There are a hundred things that need to get done around a farm at this time of year. Some of them (like making sure each animal is carrying good weight into the winter) started months ago. Others can't really be addressed until the last cutting of hay or corn is in. Most of these are things that you learn by doing, and you've been doing all your life, and you know why if anyone asks, but no one does so you don't generally think about the reason. Most of these are things that you do because that's how a well-run farm operates. Many of them are things that they don't teach in ag school.
I was chatting with a colleague a while back, and expressing my concern that family farms around here are dying just at the time when I'd like to see (and momentum is starting to build behind) more localized food production. We have a number of "farmer's markets" in and around Backboro, but probably half of the produce sold there (and maybe more than half, this year) is commercial product from California, or Mexico, or Chile. Local farmland's getting sold off for residential lots or consolidated under corporate ownership; farm kids are going to school to learn marketing, or computer technology, or retail management.

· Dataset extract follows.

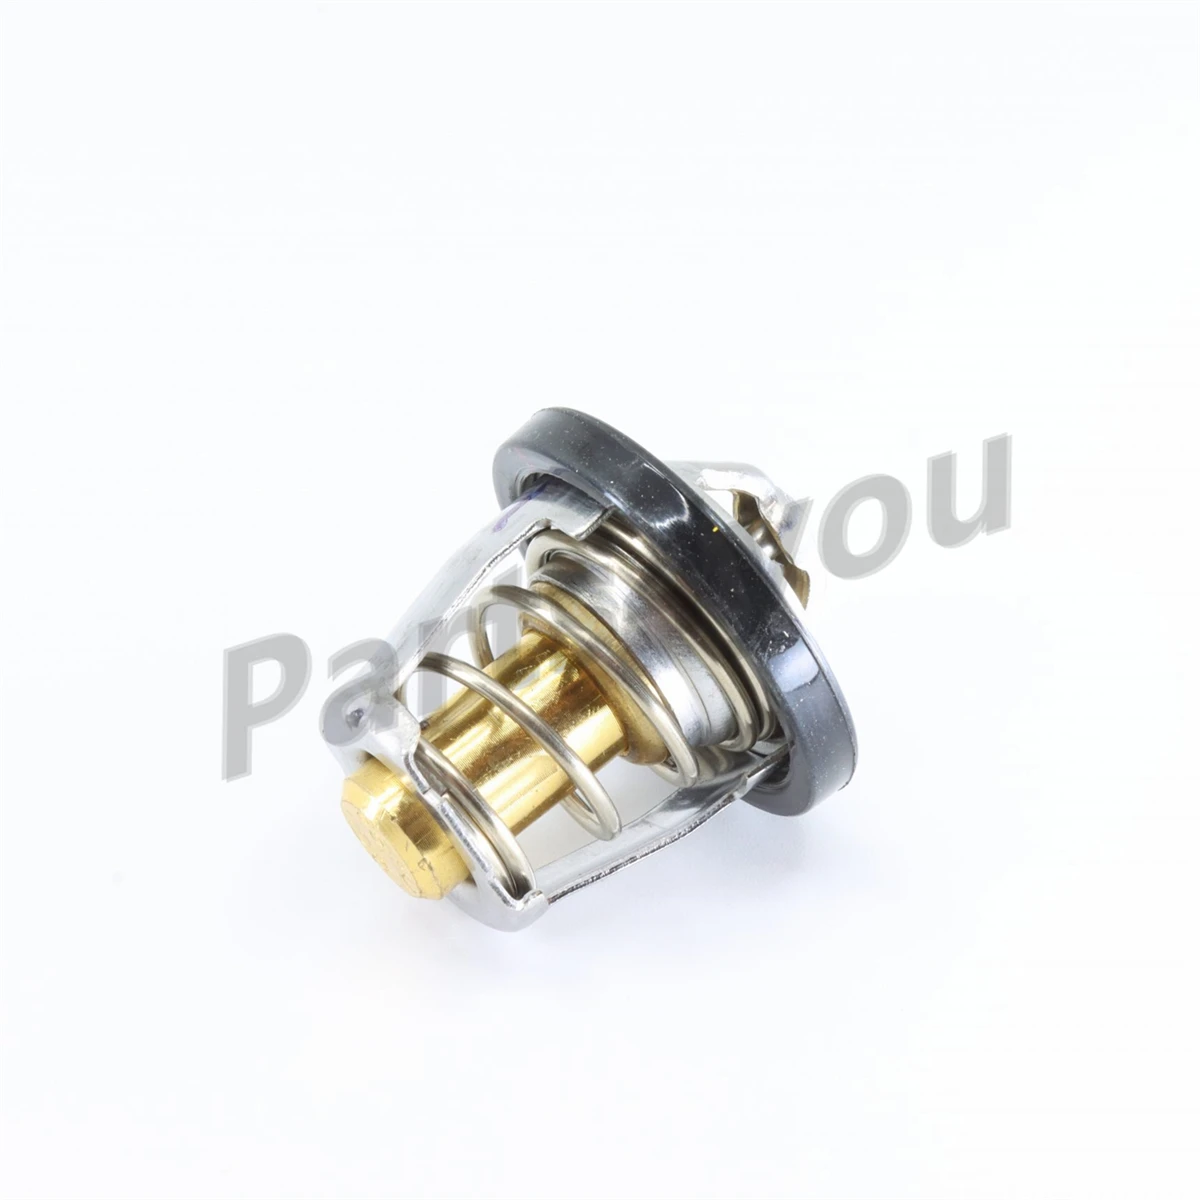 Thermostat for CFmoto 400 450 191Q 500S 520 500HO 550 191R 600 Touring 620 191S 800 800EX 800XC 850 X8H.O. 950 1000 0800-022700

What concerns me is that low-emission farming is labor-intensive farming. As a result, the economies of corporate-sized scale pretty much disappear. Local food production, low-emission food production, could well be the salvation of the family farm -- at least, in the north-eastern USA. But you can't save the family farm when there aren't any more family farms to save, and you can't have family farms without family farmers, and while family farmers don't have to be born, that's the easiest way to go. If you're going to train someone to be a family farmer, the trainer better be someone who grew up farming. Even then, it takes a while (several years for niche herb and vegetable production, longer for truck farmers, longer still for stock farmers). And we're running out of folks qualified to be trainers. Not to put too fine a point on it, they're dieing off. And State Land-grant U isn't in the business of filling that need.
I heard once that if you wanted to build a new Gothic cathedral today, you couldn't do it. The story was that there just aren't any stonecutters with the right skillset any more. I can't swear to the truth of it, but it wouldn't surprise me. After all, family farms hit their hay-day (sorry!) a lot more recently that Gothic cathedrals did. And, absent the necessary attention, they crumble to dust a lot faster.